INPUT DATA:

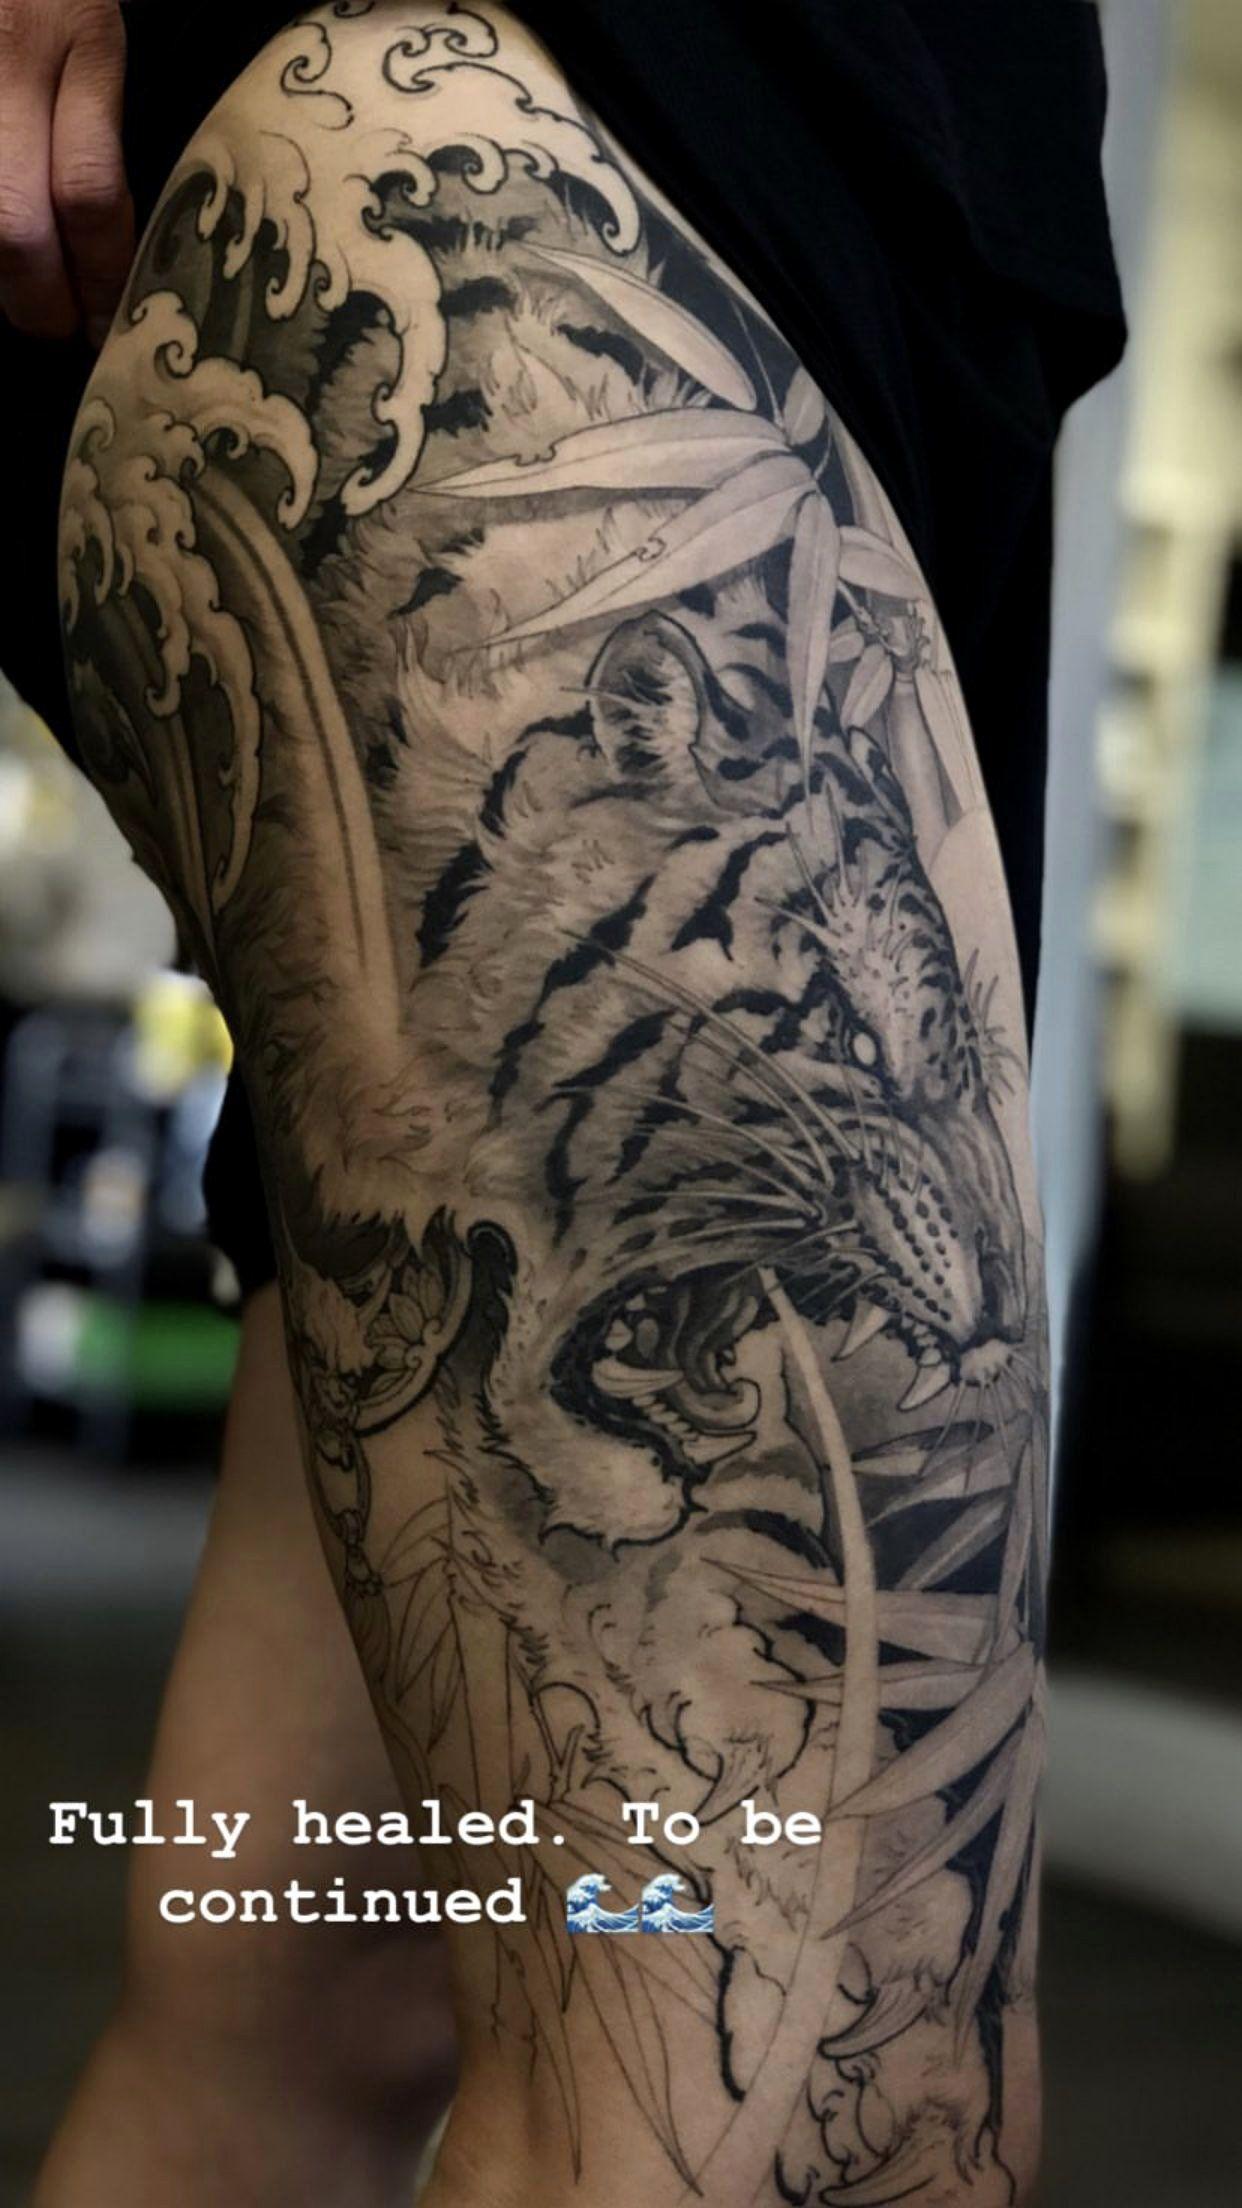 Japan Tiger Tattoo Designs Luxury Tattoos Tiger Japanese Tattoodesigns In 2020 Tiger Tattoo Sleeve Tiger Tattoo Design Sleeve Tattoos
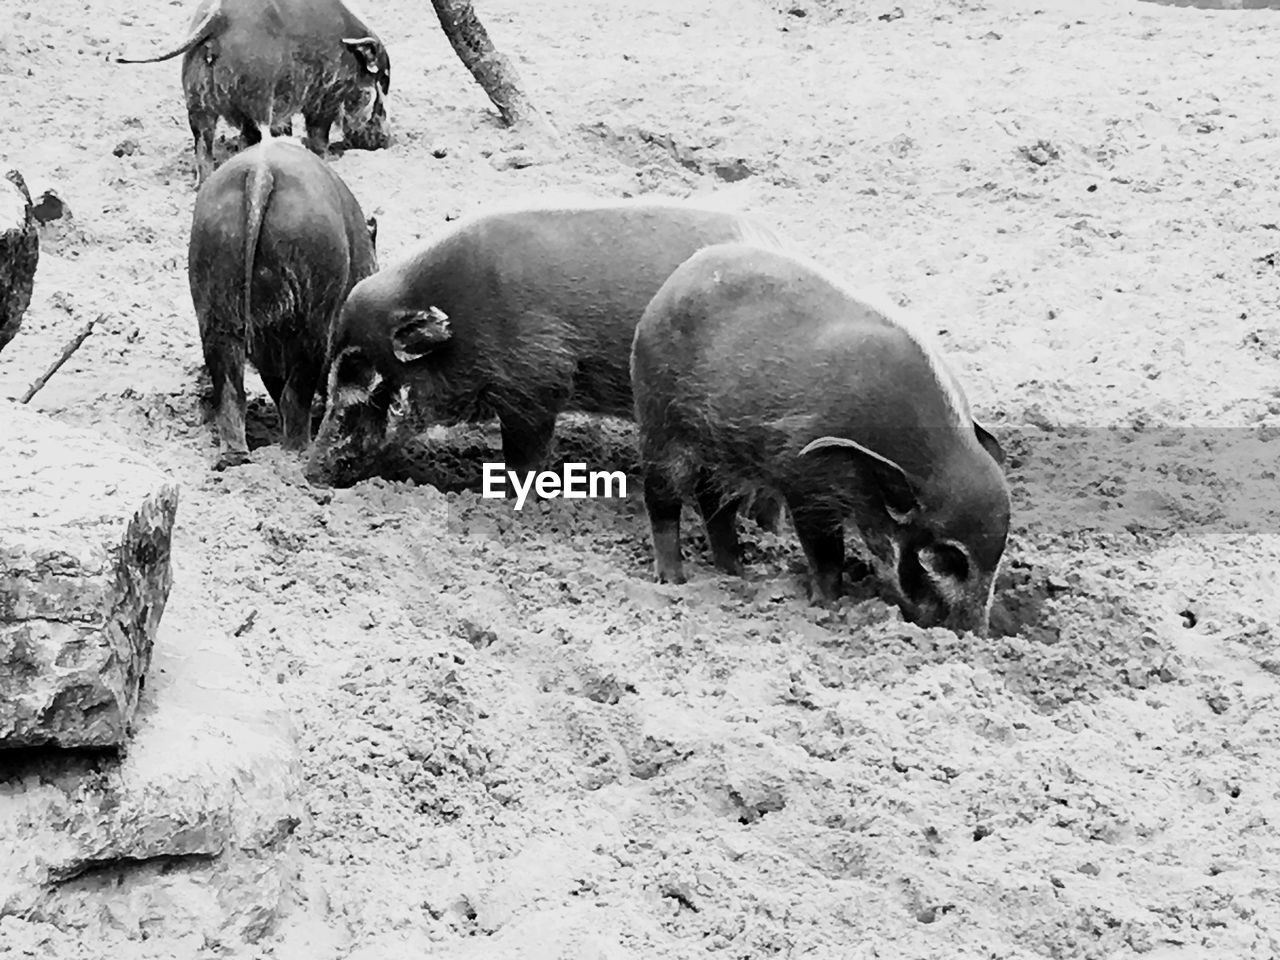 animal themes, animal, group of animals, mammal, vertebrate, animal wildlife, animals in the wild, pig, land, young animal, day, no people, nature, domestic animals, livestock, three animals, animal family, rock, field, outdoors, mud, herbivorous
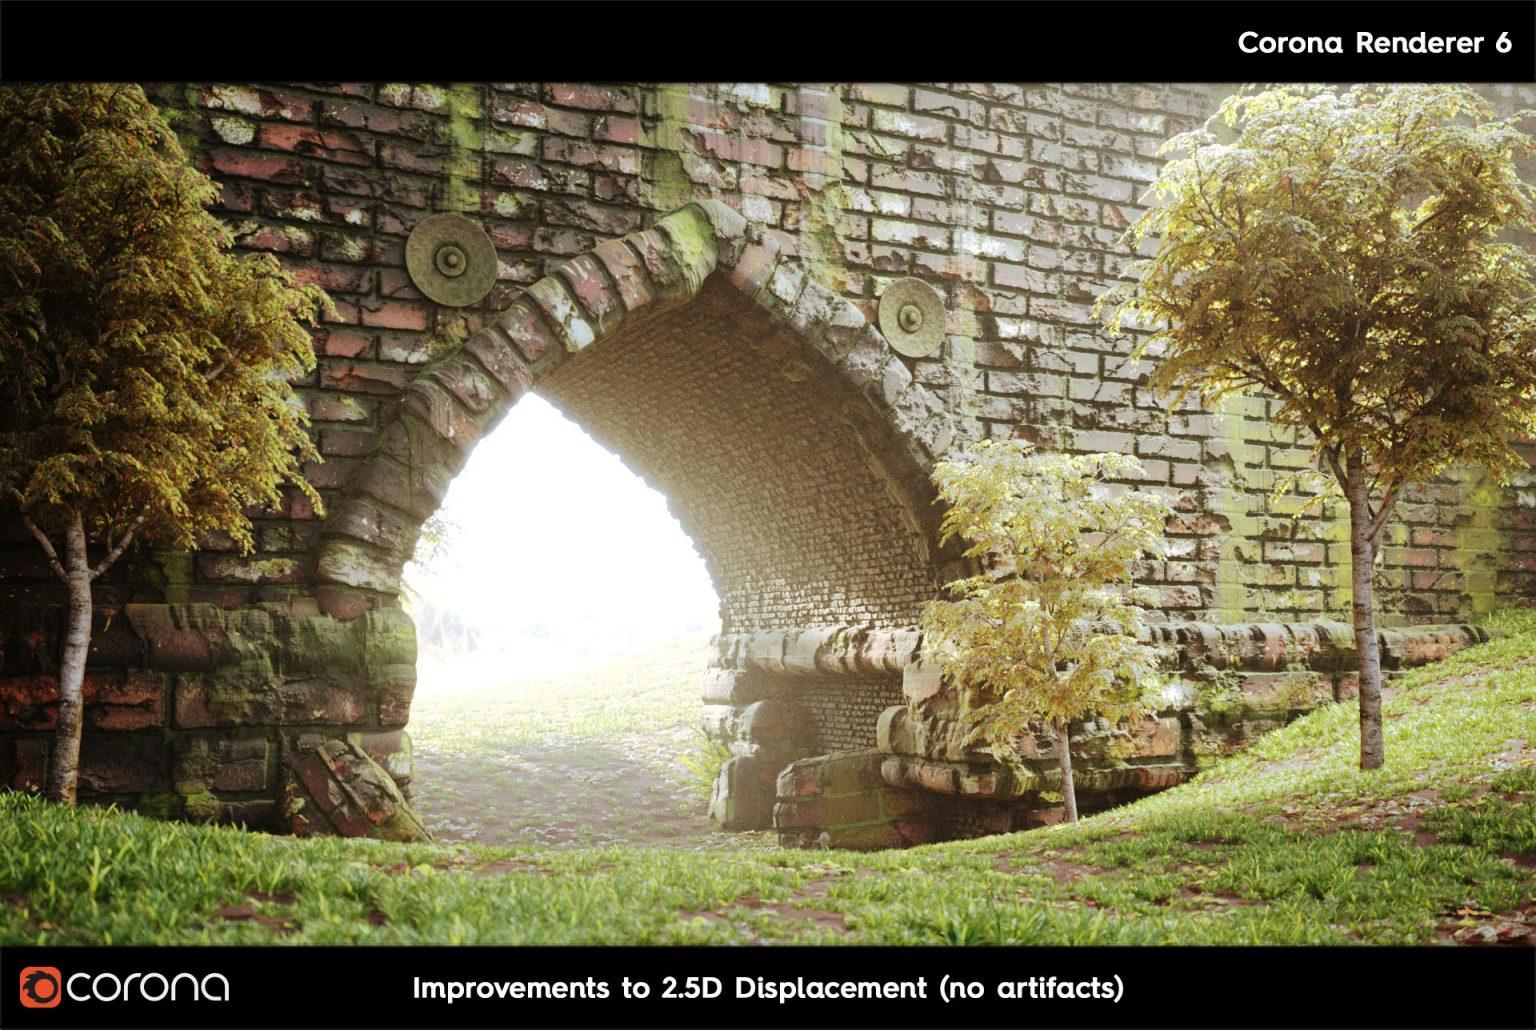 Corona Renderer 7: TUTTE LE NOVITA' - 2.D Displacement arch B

WHAT TO PRODUCE: Please reproduce the material above word for word, without its images.

REPLY:
 Japan Tiger Tattoo Designs Luxury Tattoos Tiger Japanese Tattoodesigns In 2020 Tiger Tattoo Sleeve Tiger Tattoo Design Sleeve Tattoos
 animal themes, animal, group of animals, mammal, vertebrate, animal wildlife, animals in the wild, pig, land, young animal, day, no people, nature, domestic animals, livestock, three animals, animal family, rock, field, outdoors, mud, herbivorous
 Corona Renderer 7: TUTTE LE NOVITA' - 2.D Displacement arch B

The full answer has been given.